Rats fed cholesterol-rich diets exhibited markedly increased atherogenic indexes (CC; 6.08±1.03) compared to the basal diet group (N; 2.99±0.10). Supplementing the diet with Cynanchum wilfordii in hypercholesterolemic groups yielded a dose-dependent and highly significant decrease in the atherogenic index (CC, 6.08±1.03; CCW-0.5, 4.28±0.42; CCW-1, 3.09±0.33).

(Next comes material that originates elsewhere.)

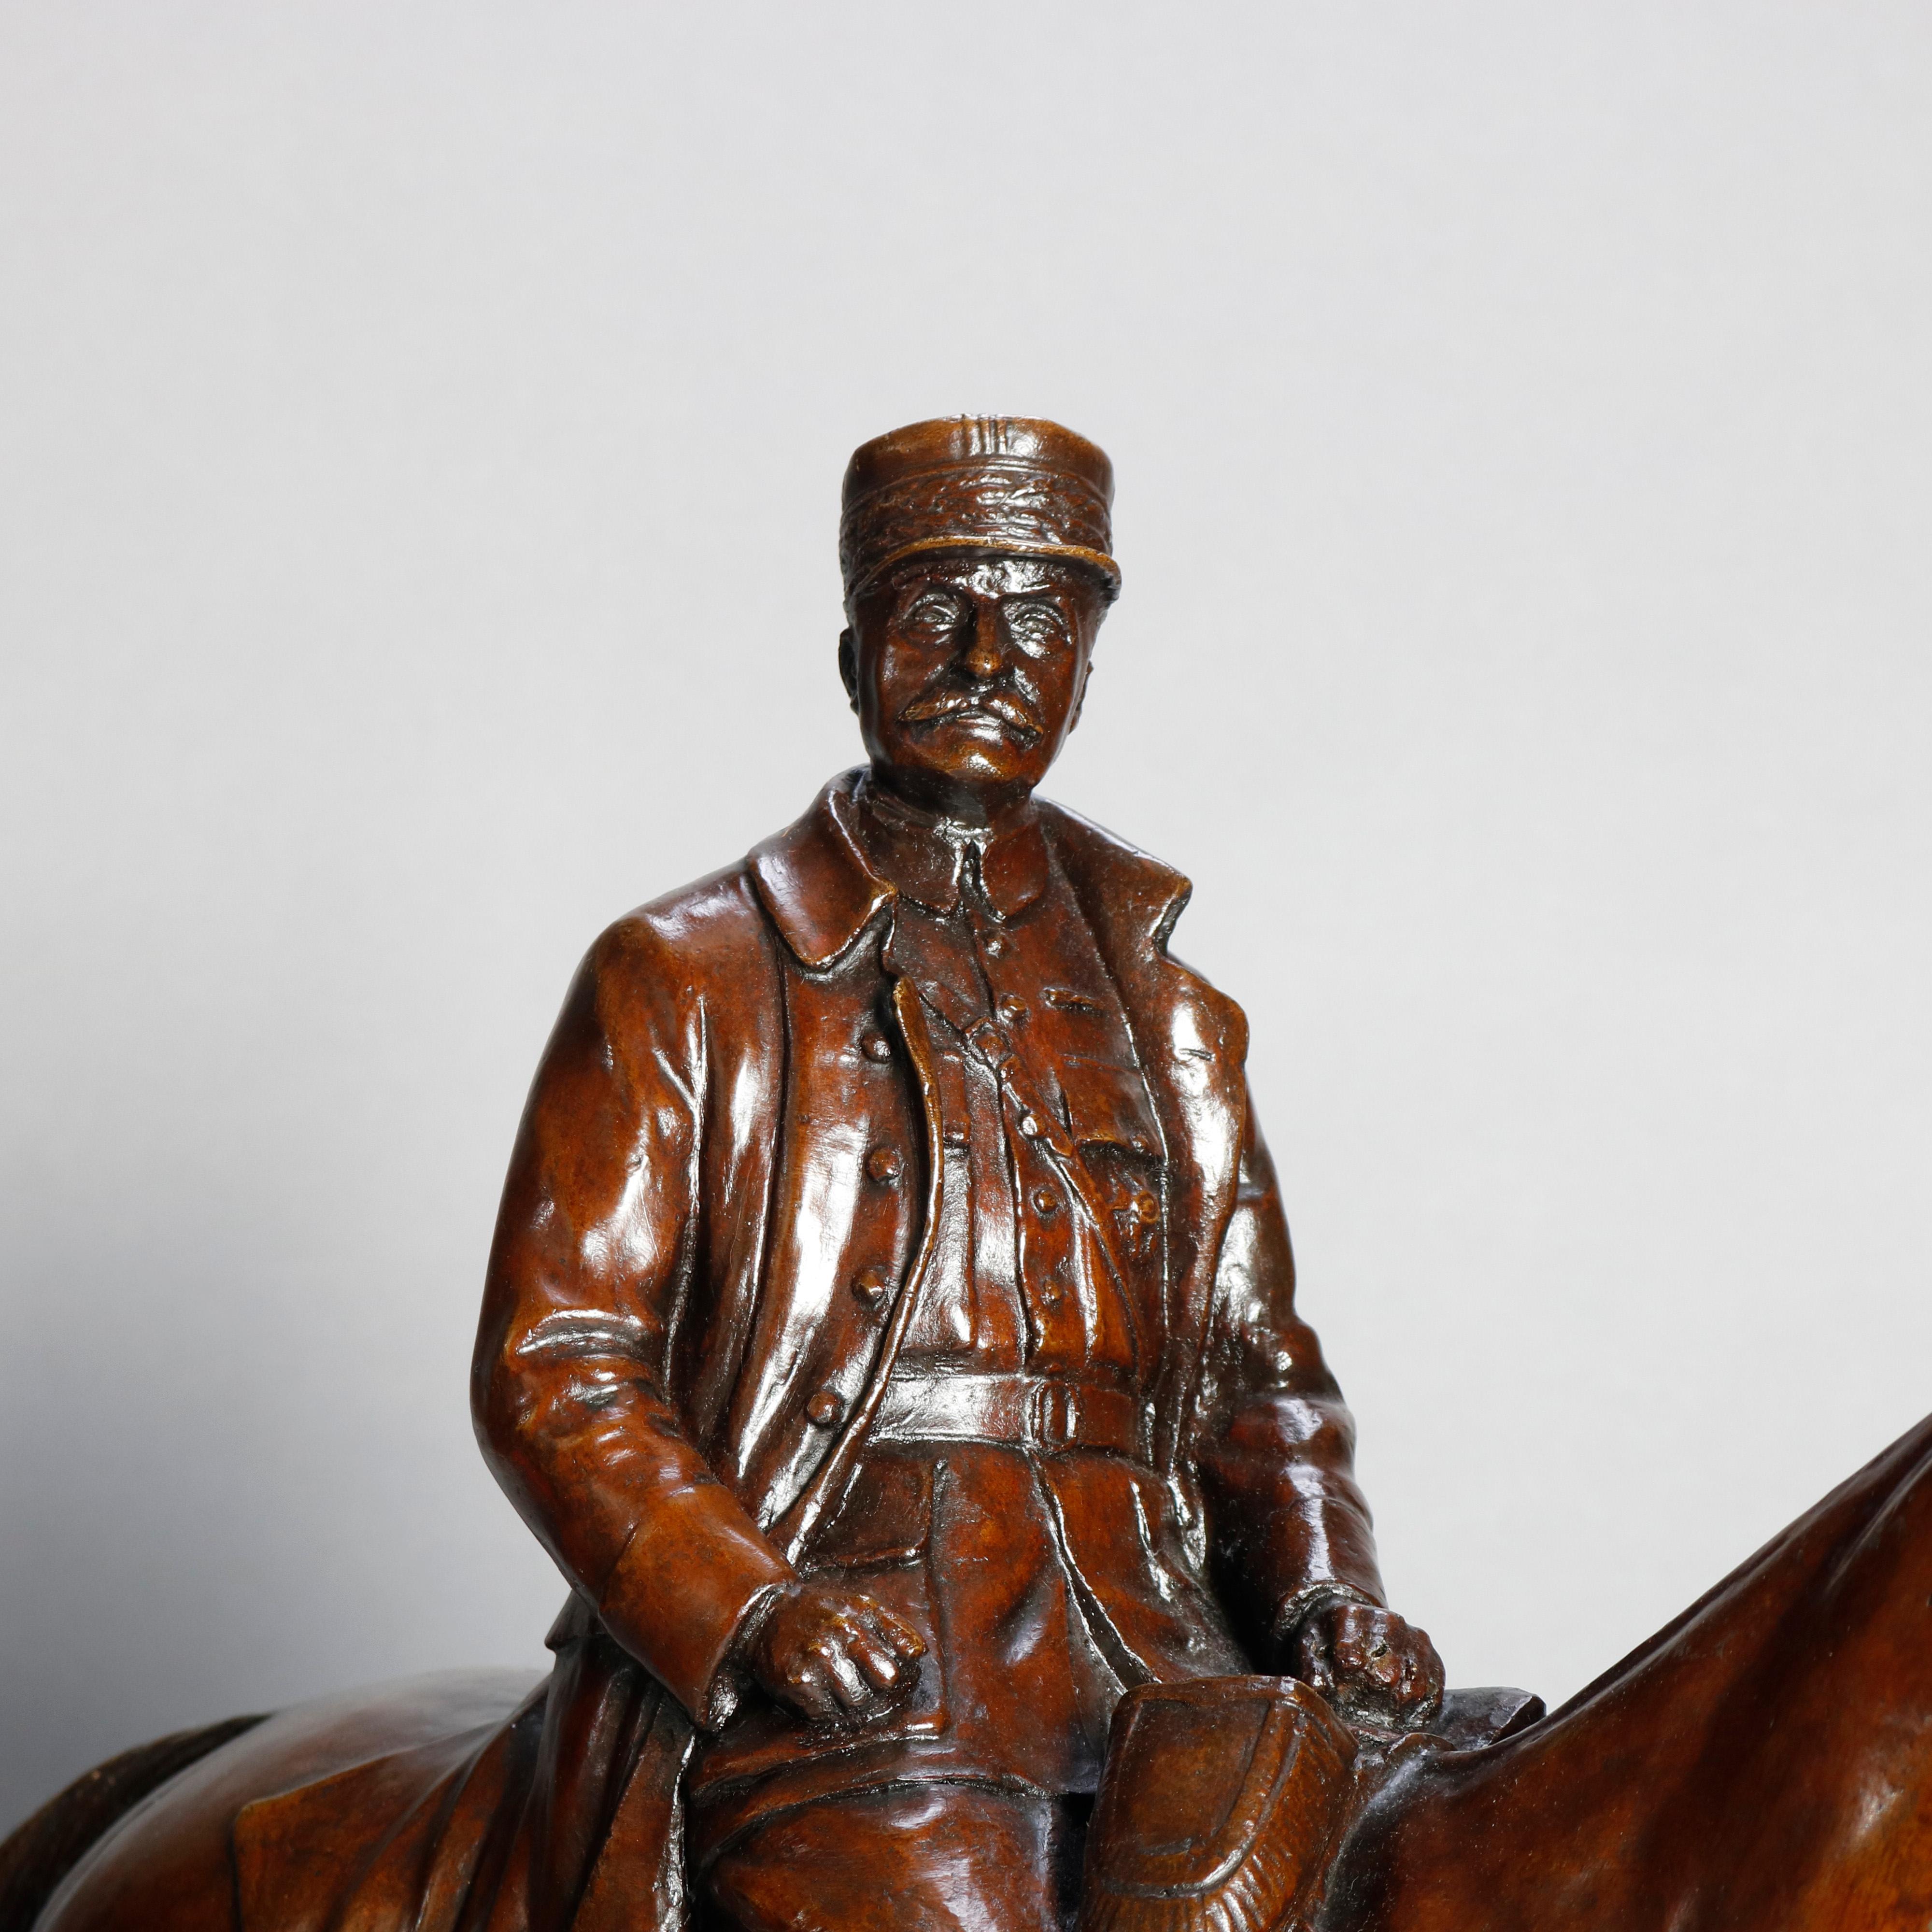 An equestrian portrait bronze depicts Marshal Ferdinand Foch in military uniform and seated on horse back, after Malissard, Valsuani foundry mark as photographed, seated on marble base, circa 1924.

Measures: 22

Thus, the present study demonstrated that a diet containing 1% cholesterol fed to rats for 5 weeks increased total cholesterol level associated with increase in LDL-cholesterol level and decrease in HDL-cholesterol level. Treatment with Cynanchum wilfordii decreased food intake and body weight gain, while increasing HDL-cholesterol level. The ratio of HDL-cholesterol/total cholesterol was significantly increased in a dose-dependent manner when Cynanchum wilfordii was added to the hypercholesterolemic diets. Finally, in cholesterol-rich diet groups, supplementing with Cynanchum wilfordii decreased the atherogenic index in a dose-dependent manner.

Administration of statins, the most effective lipid-lowering drugs, has been reported to cause an increase in HDL-cholesterol levels from 5% to 8% in humans (27,28); however, the clinical significance of this remains unclear. Population studies have consistently illustrated that CHD and atherosclerosis are strongly related to total blood cholesterol, which is mostly made up of LDL-cholesterol. LDL-cholesterol is the most atherogenic of lipoproteins. HDL-cholesterol also carries cholesterol, but elevated HDL-cholesterol represents cholesterol returning from the rest of the body to the liver, and thus indicates a protective effect against heart disease and atherosclerosis. High LDL-cholesterol and low HDL-cholesterol are associated with heart disease, whereas low LDL-cholesterol and high HDL-cholesterol are inversely associated with increased risk (29); this relationship between HDL-cholesterol and CHD has been shown by a number of previous studies (27,30–34). The Framingham study of the 1980s illustrated that study subjects at the 80th percentile of HDL-cholesterol had half the risk of developing CHD as compared to people at the 20th percentile. Another study also revealed that HDL-cholesterol and total cholesterol levels were significantly related to CHD outcome (35).

In conclusion, the results of our study suggest that intake of ethanolic extract of Cynanchum wilfordii has potential to improve the hypercholesterolemic condition by improving blood lipid profile, and further study based on blood lipid modulation mechanism is needed.